The girl at the dogs’ home is cross with us for being so late back with Mattie.
‘She’s all cold and wet, too!’ she says.
‘She loved her walk,’ I say back. ‘And it’s much nicer for her than being shut in a wire cage all afternoon.’
It’s like I’m betraying Mattie, handing her over again to be locked up.
‘We’ll take her out again,’ Seb says as we cross the car park. ‘It was fun. Even getting lost was fun.’
‘What will you be doing for Christmas Day?’ he asks me when we’re driving home. ‘You could come to our house, if you like. Mum said. Meet the cousins and my aunties.’
‘Dad wouldn’t allow me. We have to be a family all together. We’re going out for the day as a treat. Cassy refuses to cook Christmas dinner in a caravan.’
‘I’ve got you a present,’ Seb says. ‘You could come over in the evening? Just for a little while? I’ll collect you.’
I smile, thinking about him, all the way down the lane and across the field to the caravan. It’s changed everything for me, meeting Seb.
Dad’s car isn’t there, but the lights are on in the caravan.
Kat’s home.
She’s lolling on the sofa in front of the telly.
‘Where’s Dad and Cass?’
‘Out with friends. A party or something.’

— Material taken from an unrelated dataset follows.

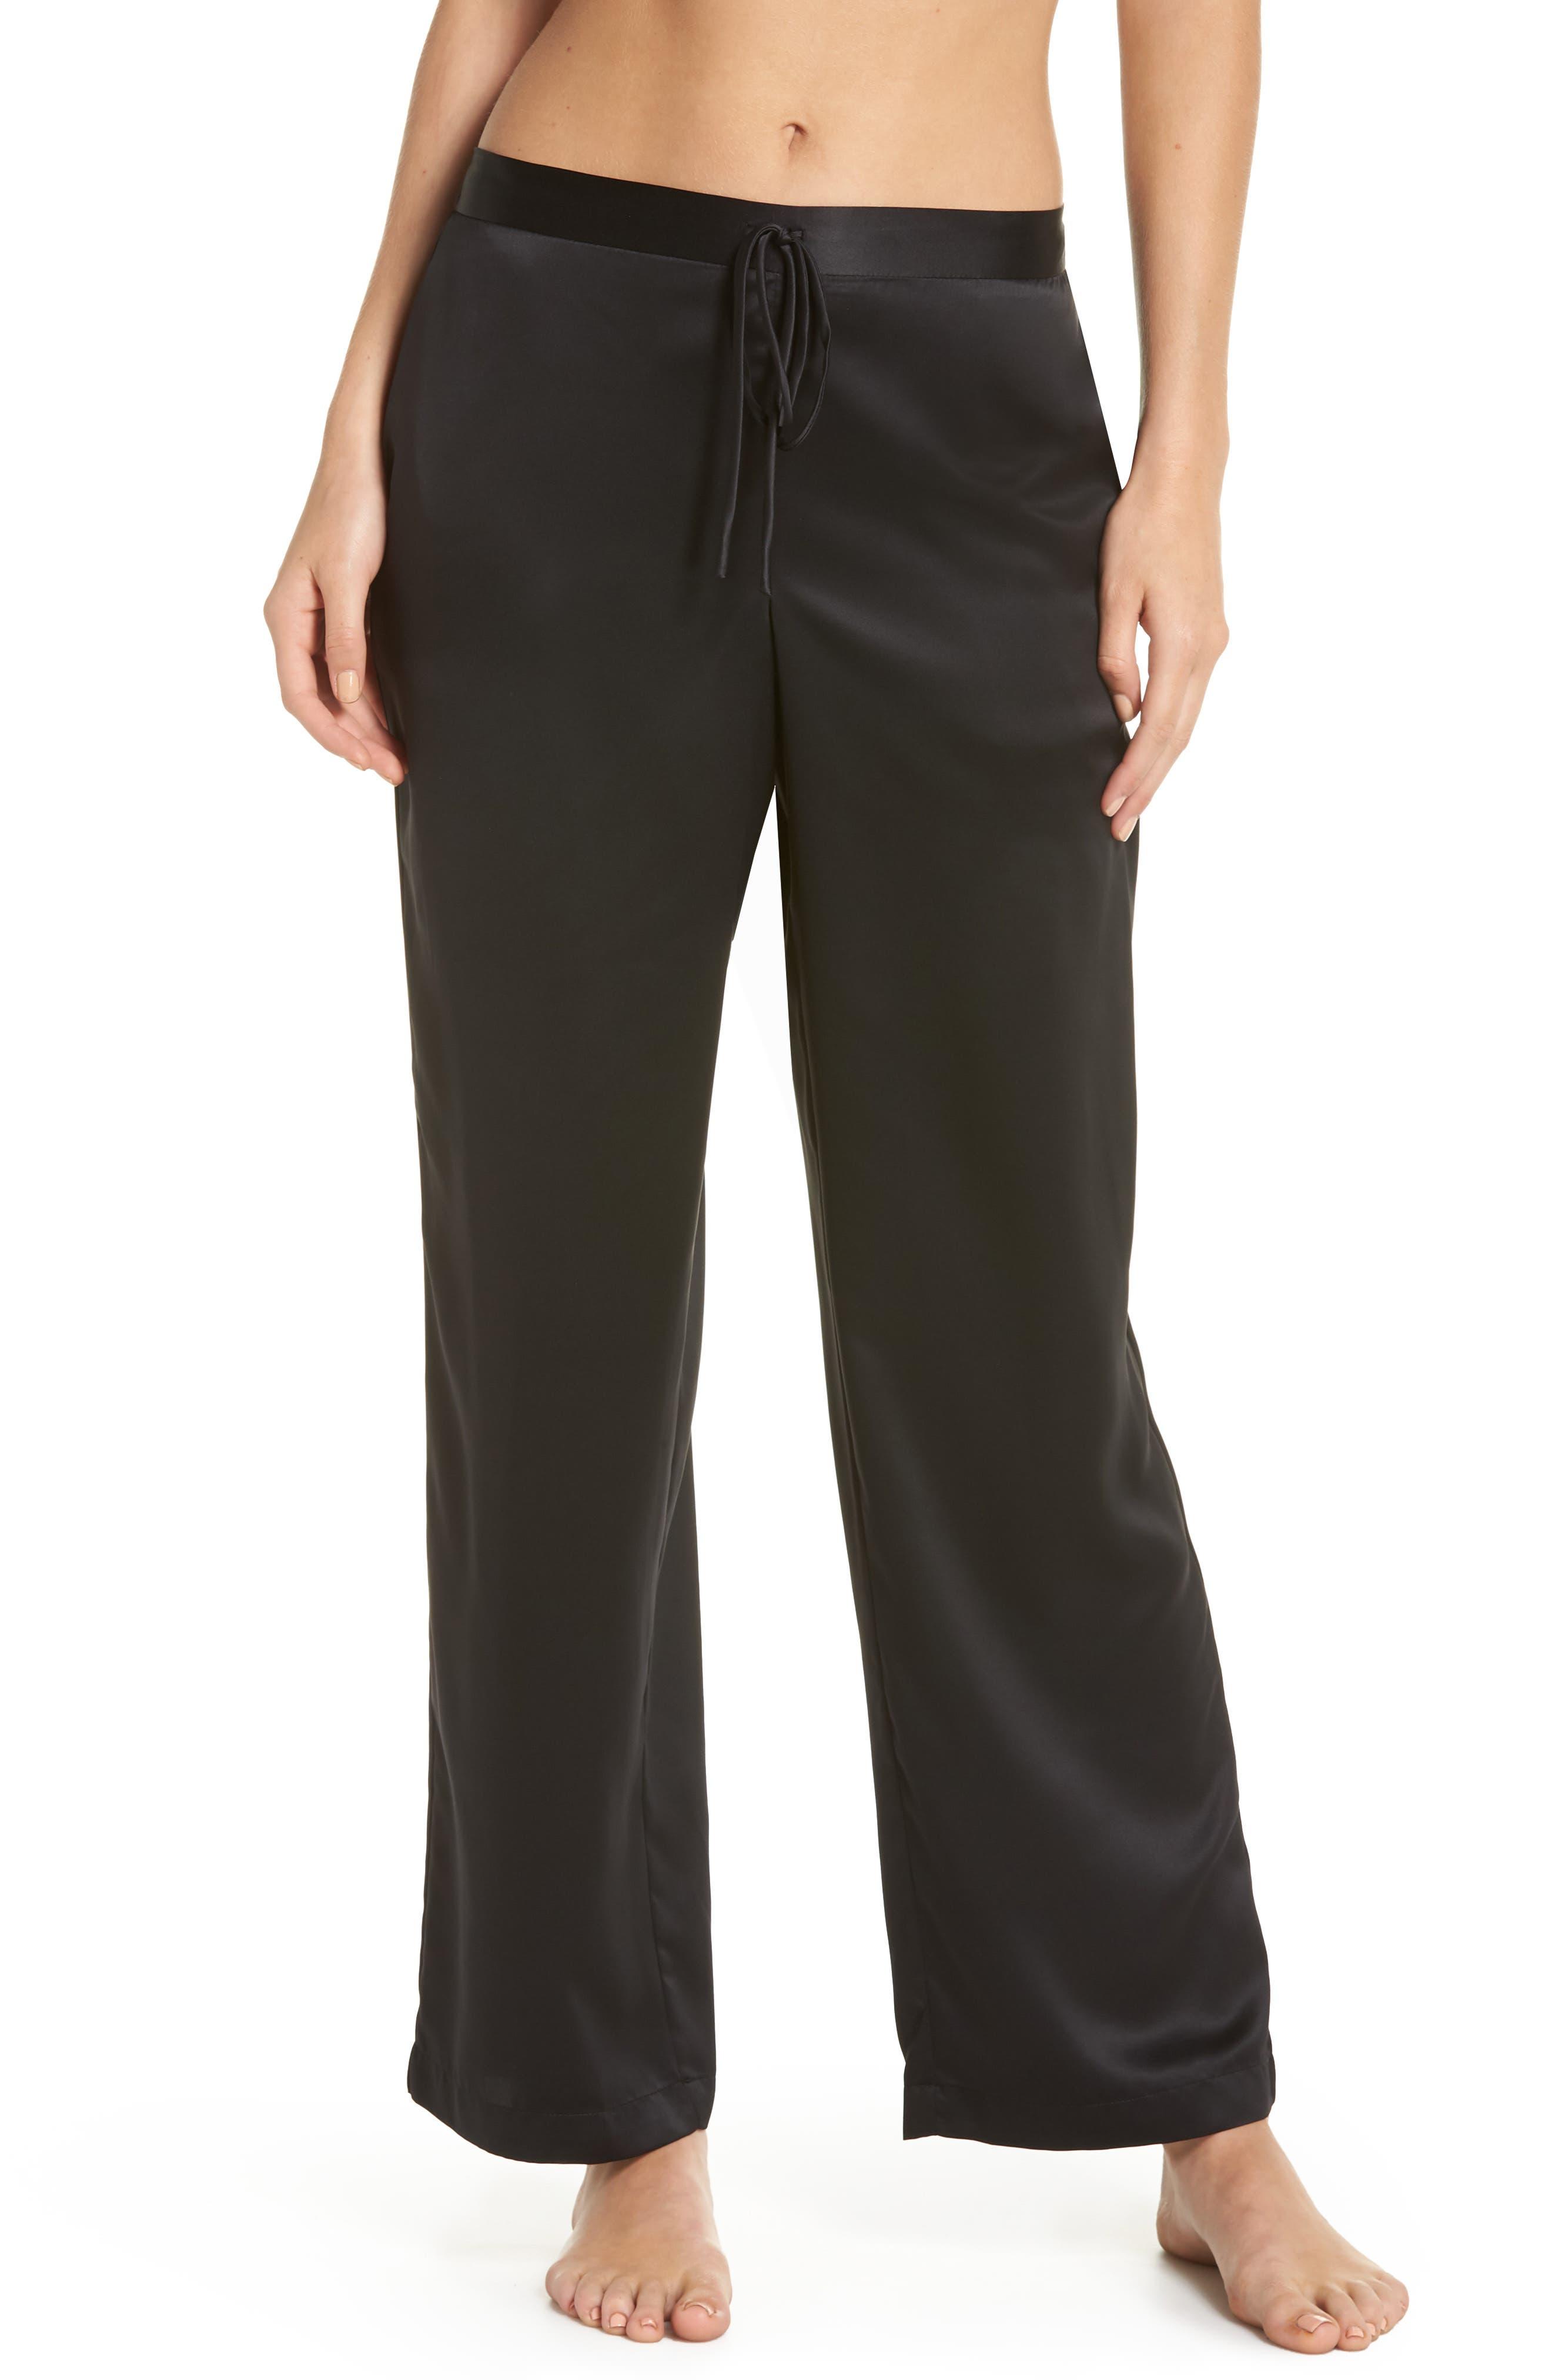 Natori Satin Elements Pajama Pants, Black
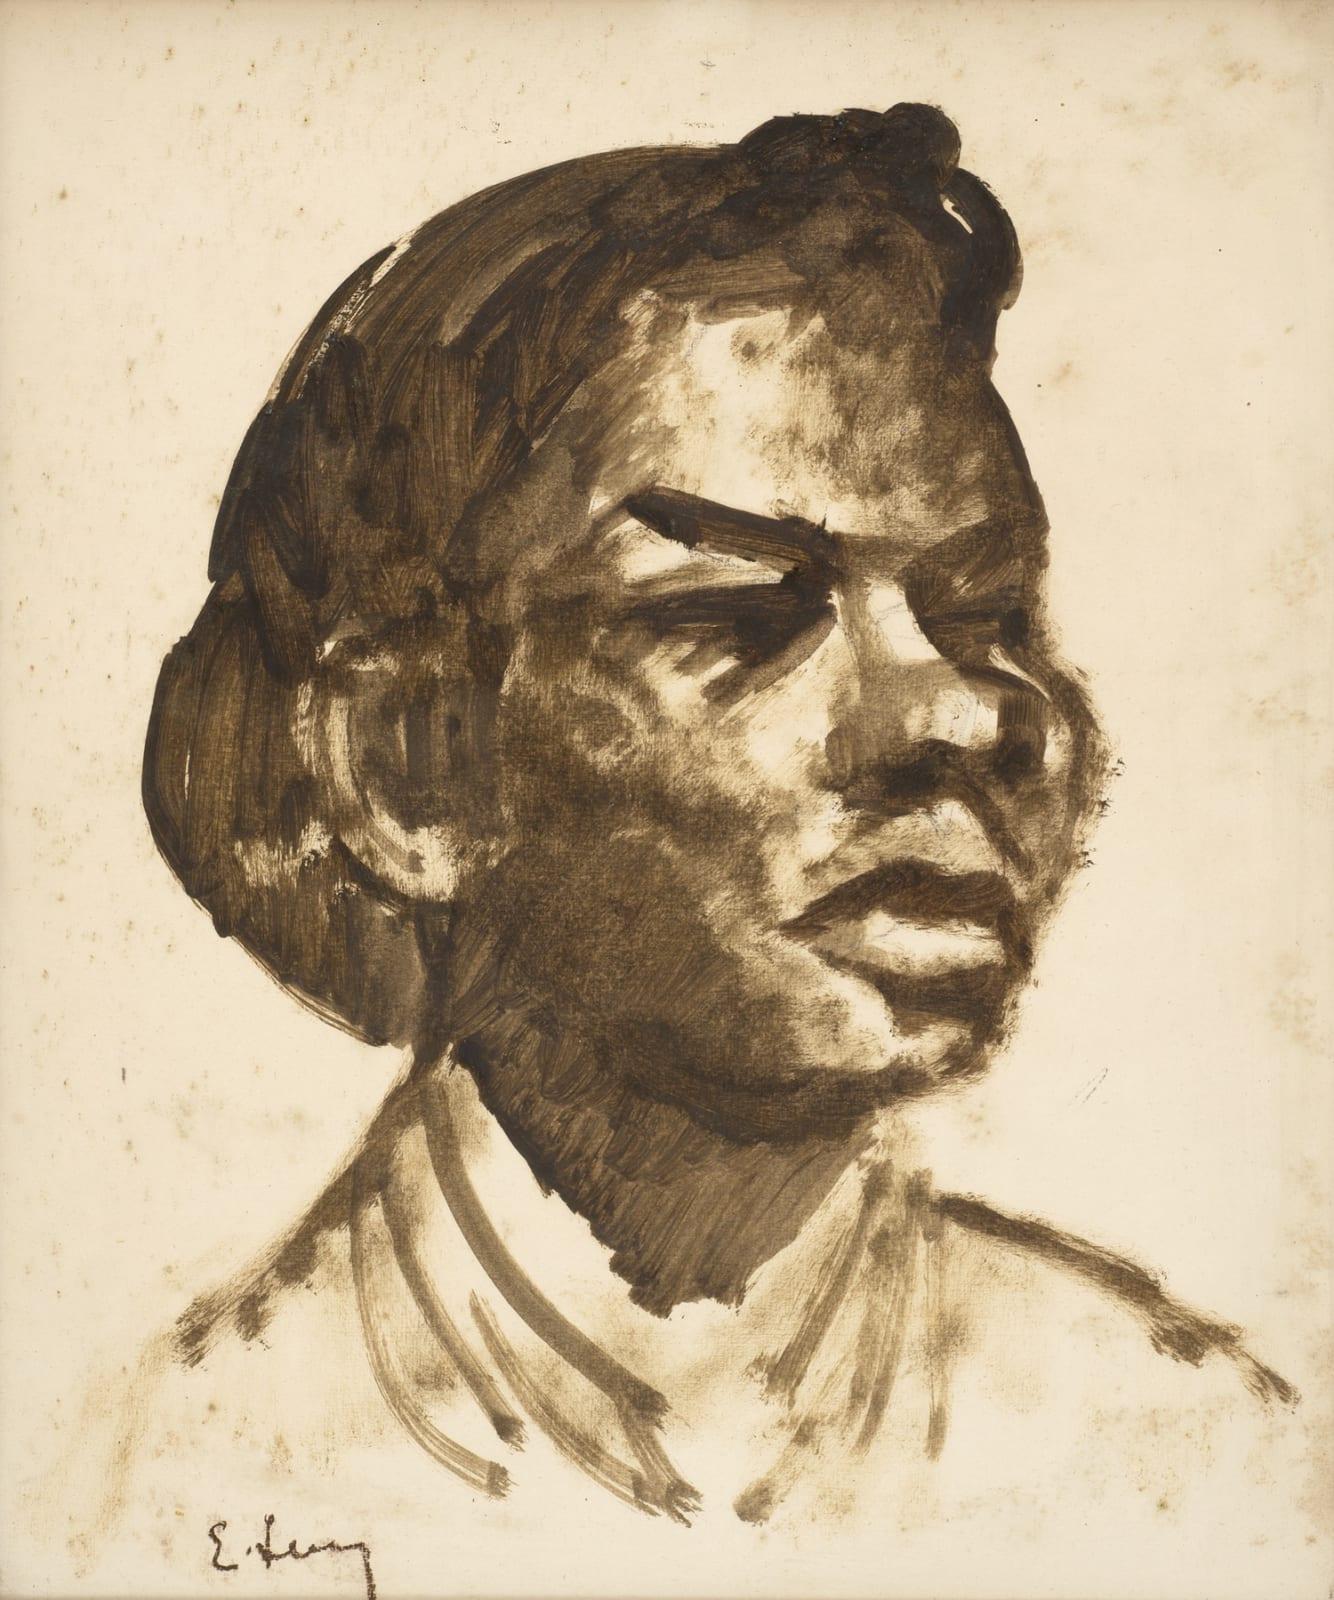 Emmanuel Levy (1900-1986) Head of a Girl n.d. Pencil and gouache on paper 44.2 x 37 cm Ben Uri Collection © Emmanuel Levy estate

‘Are you going to be staying in?’
‘Yes. You?’
‘Yes.’
We have the best evening. We make pasta and sauce and eat it in front of rubbish telly, and we talk about Dan, and I tell her a bit about Seb.
‘Have you slept with him?’ she asks.
I blush. ‘No,’ I say. ‘In any case, it’s none of your business.’
‘Just be careful, that’s all,’ Kat says. ‘You know about contraception and everything, don’t you?’
‘Of course.’
‘And don’t be in a hurry. It’s better if you wait. Like, be sure he’s the right person, really special.’
‘I know all that,’ I say. ‘Why are you telling me?’ I look at Kat’s face. Her eyes are brimming with tears.
‘I wish I’d waited,’ Kat says. ‘I wish my first time had been really special. I wish I’d waited for Dan.’